### [Activity]
Retype exactly every line from the one that includes "Nach der Zeremonie" through the final line of the listing, both ends kept, and omit the pictures.

### [Source data]
========================================================================
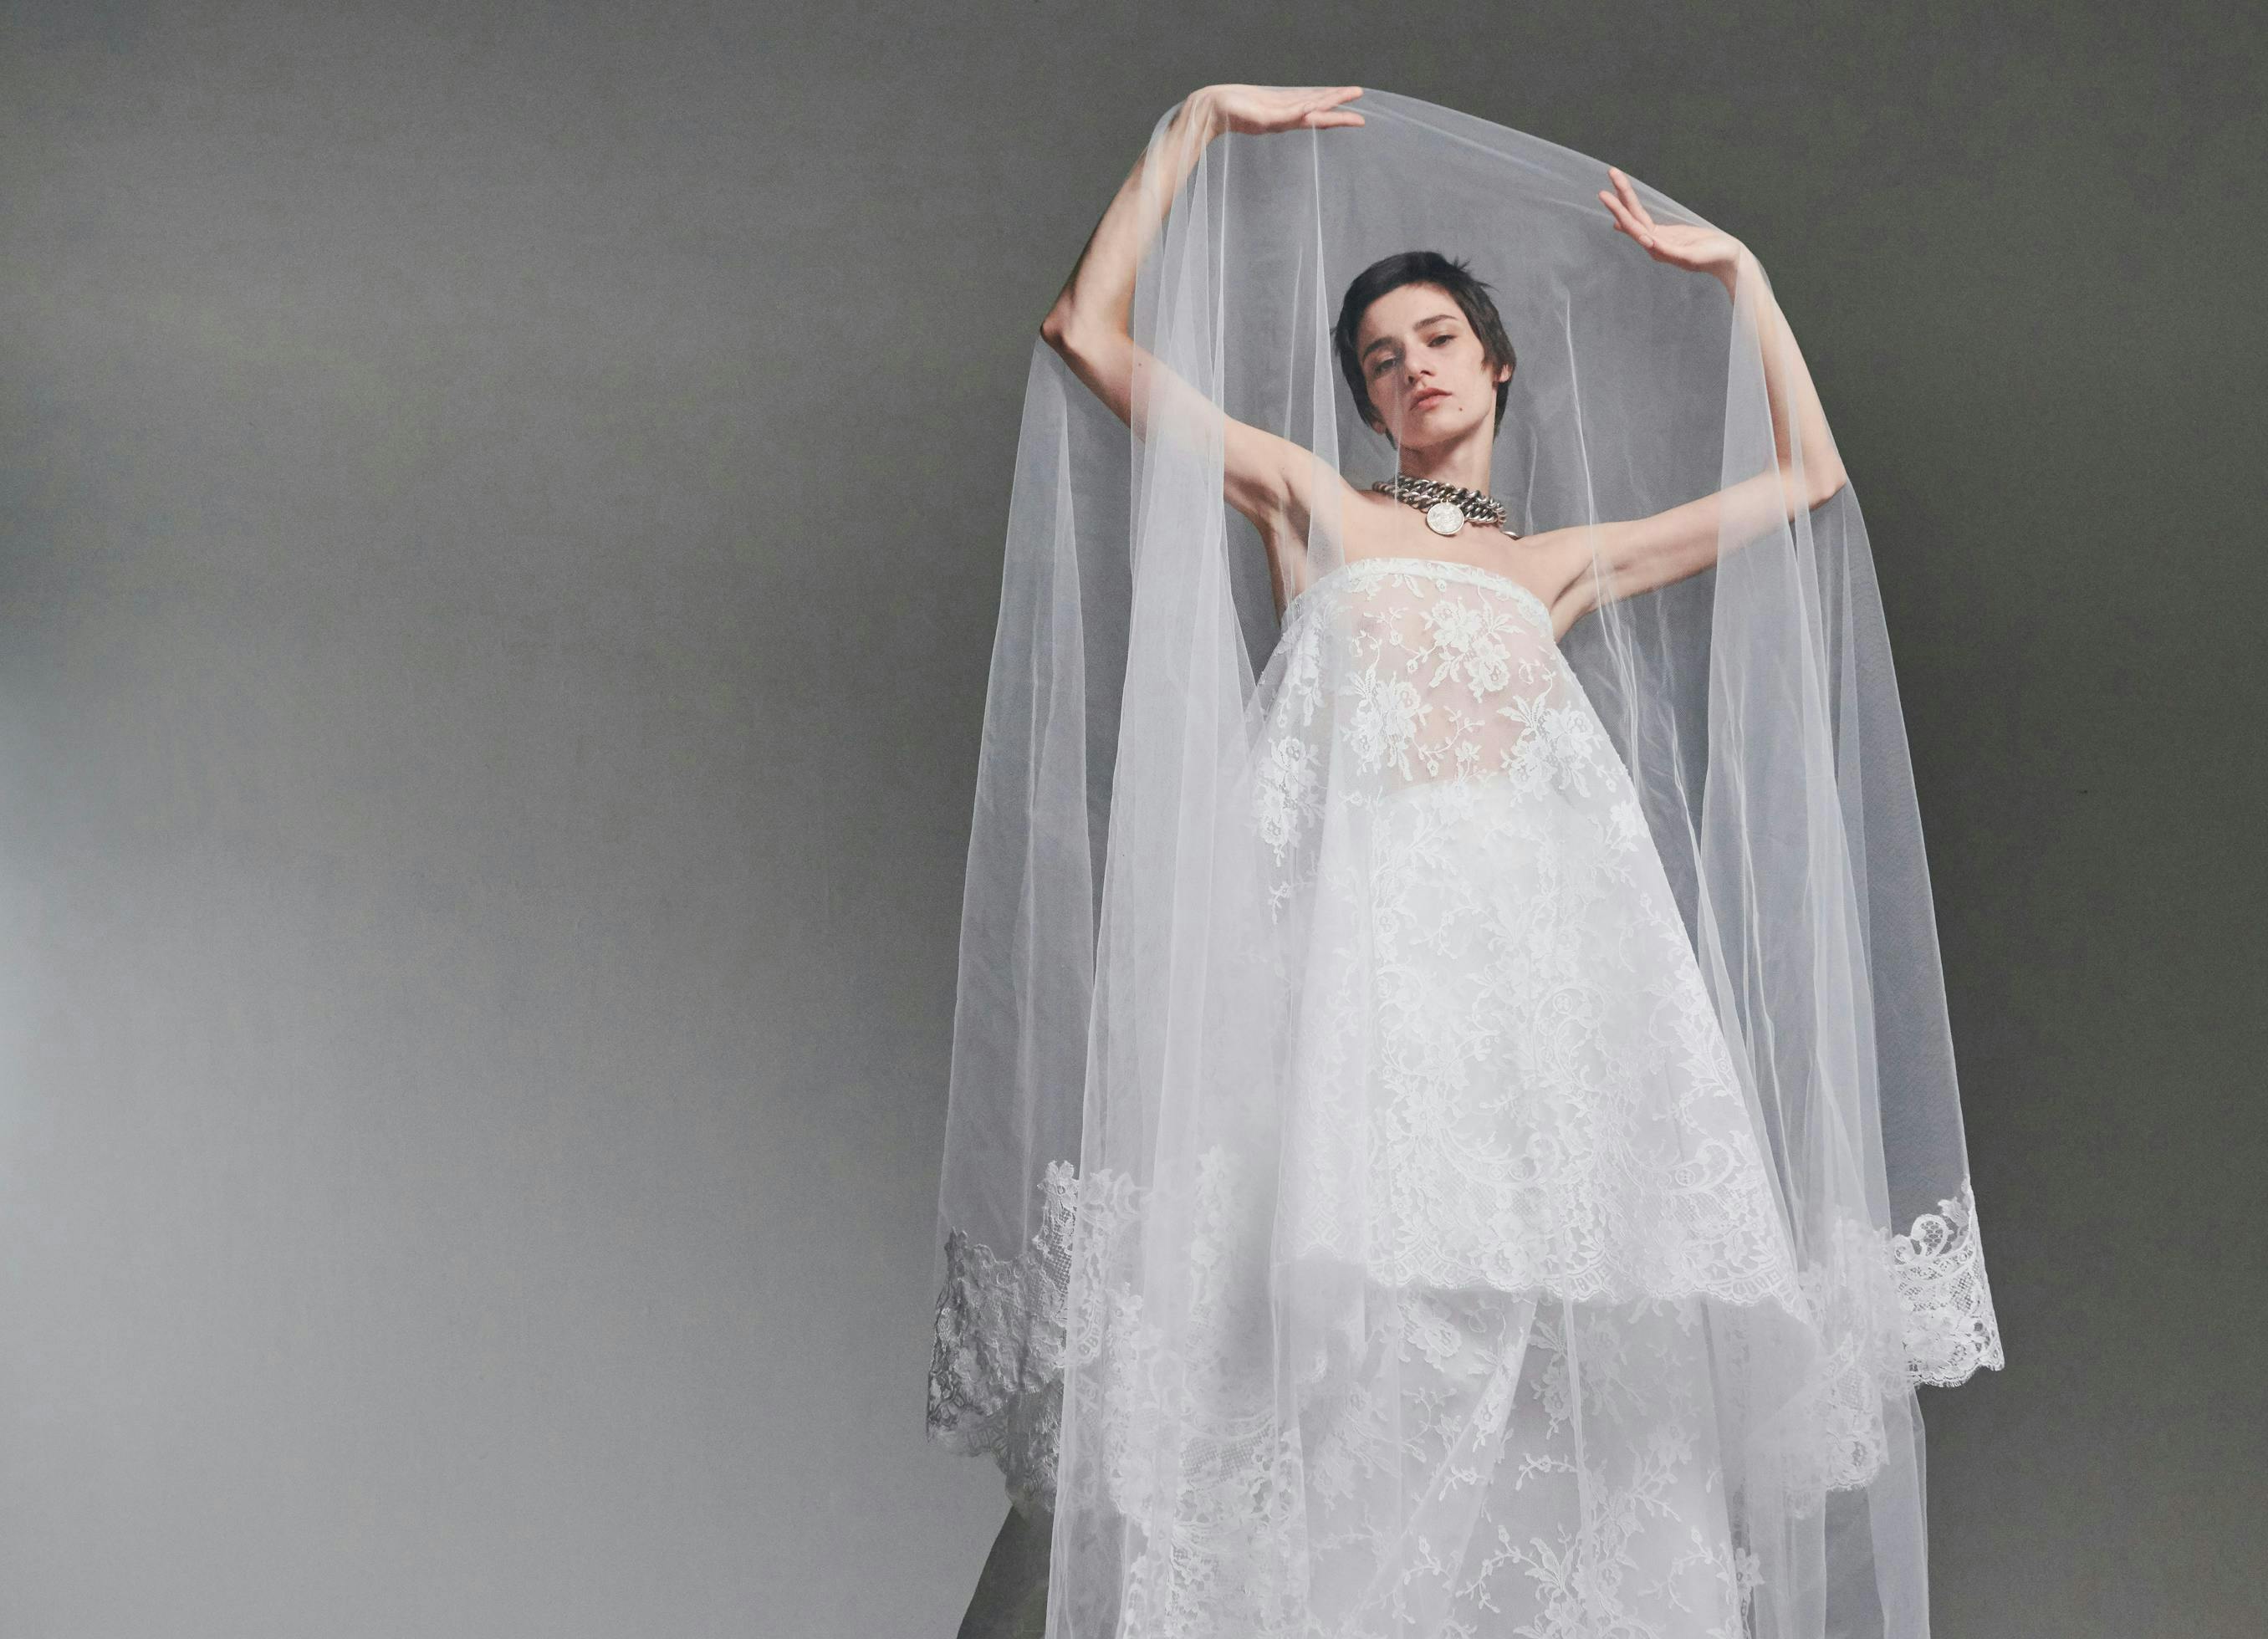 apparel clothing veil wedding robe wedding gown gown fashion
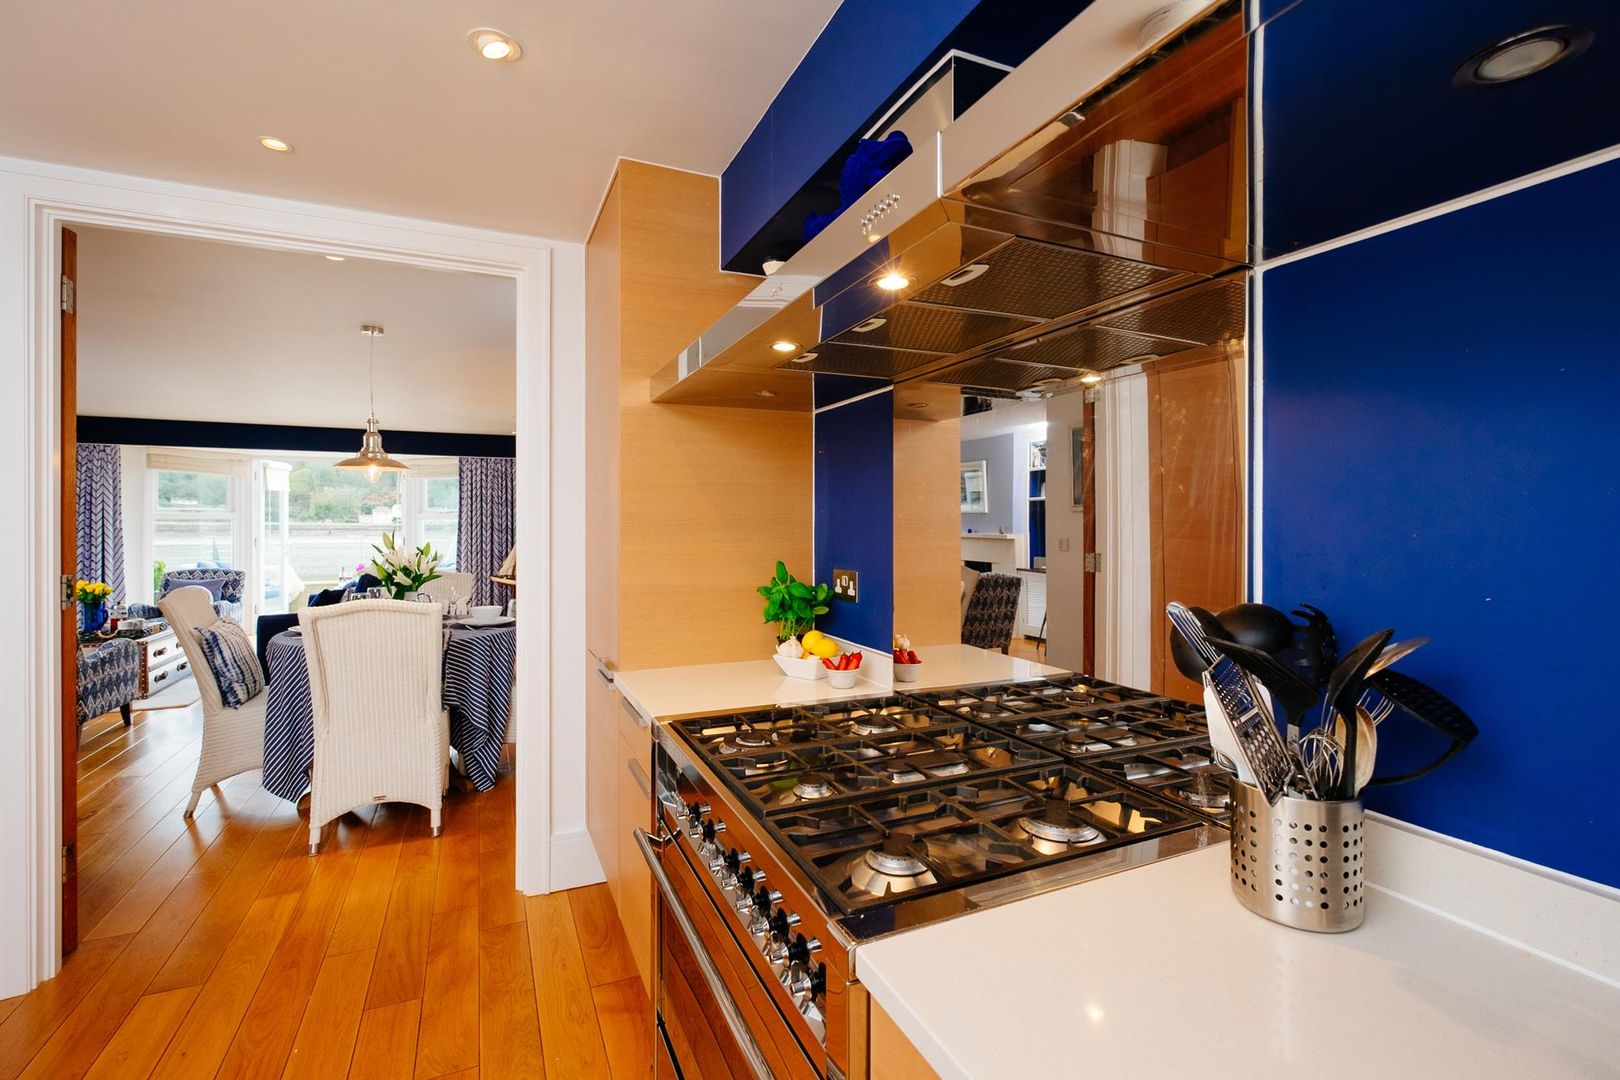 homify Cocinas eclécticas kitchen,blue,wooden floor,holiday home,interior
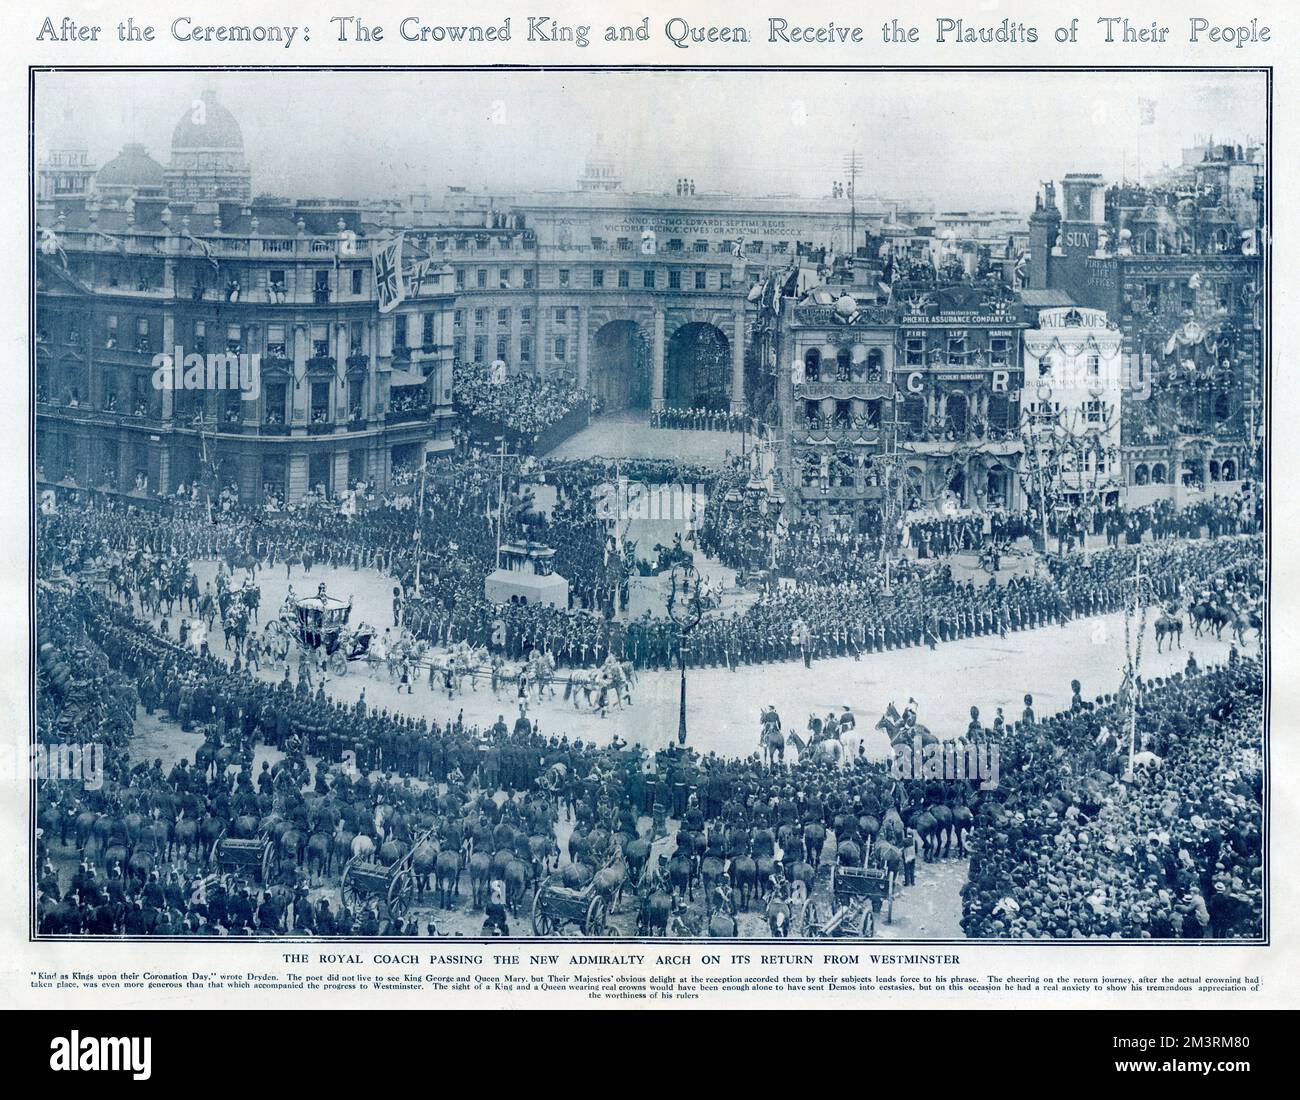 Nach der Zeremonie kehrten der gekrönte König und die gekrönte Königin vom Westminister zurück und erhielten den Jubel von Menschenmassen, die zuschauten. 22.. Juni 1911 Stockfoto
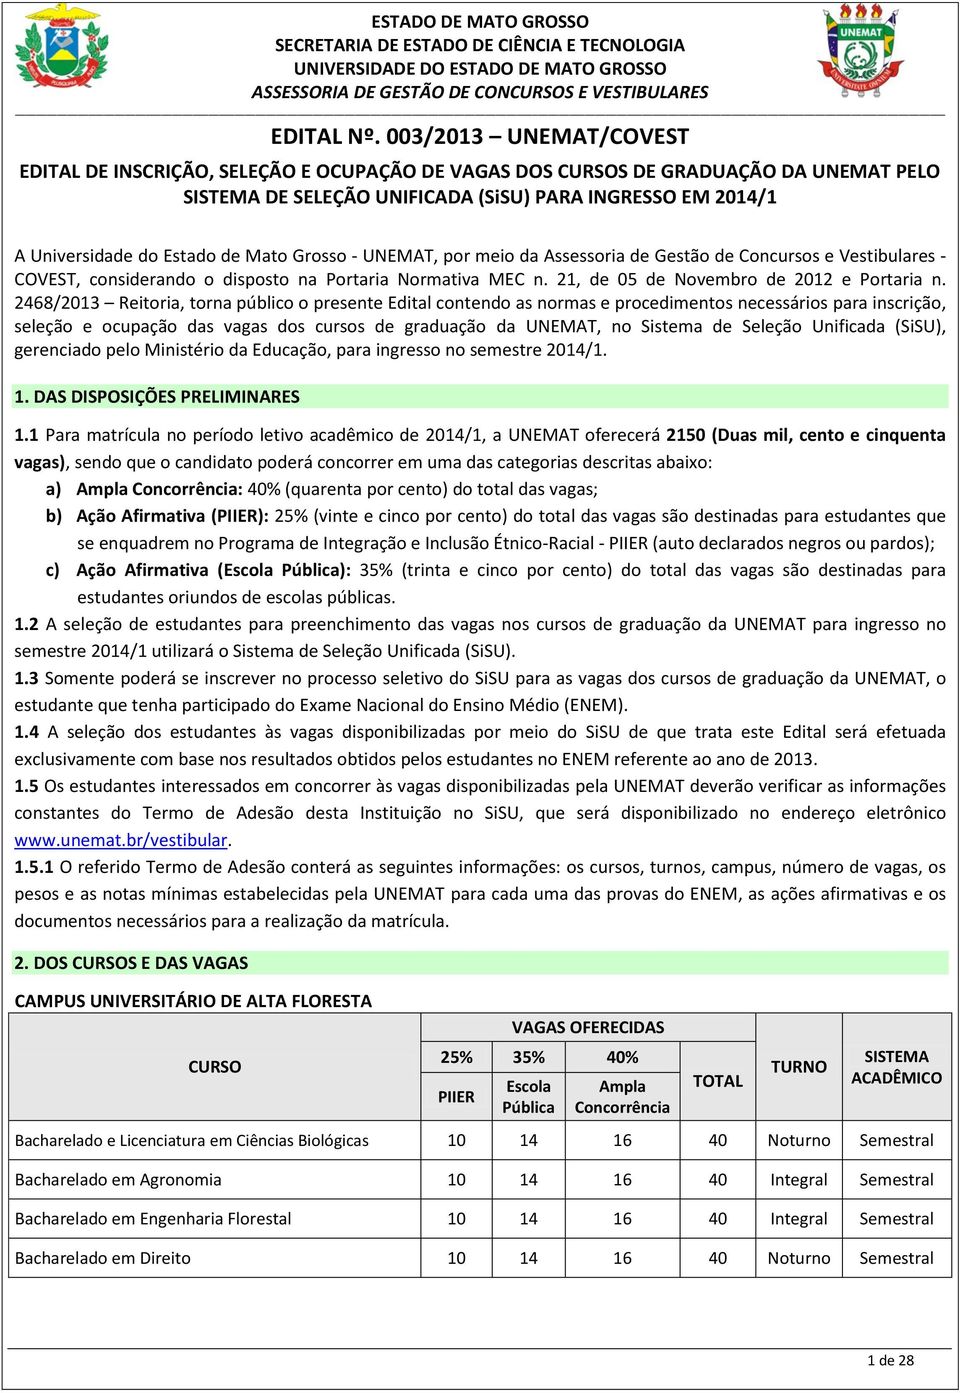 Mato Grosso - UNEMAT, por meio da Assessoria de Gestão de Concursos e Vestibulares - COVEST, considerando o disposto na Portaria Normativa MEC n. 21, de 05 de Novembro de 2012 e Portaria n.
========================================================================
### [Exercise result]
 Nach der Zeremonie kehrten der gekrönte König und die gekrönte Königin vom Westminister zurück und erhielten den Jubel von Menschenmassen, die zuschauten. 22.. Juni 1911 Stockfoto
 Mato Grosso - UNEMAT, por meio da Assessoria de Gestão de Concursos e Vestibulares - COVEST, considerando o disposto na Portaria Normativa MEC n. 21, de 05 de Novembro de 2012 e Portaria n.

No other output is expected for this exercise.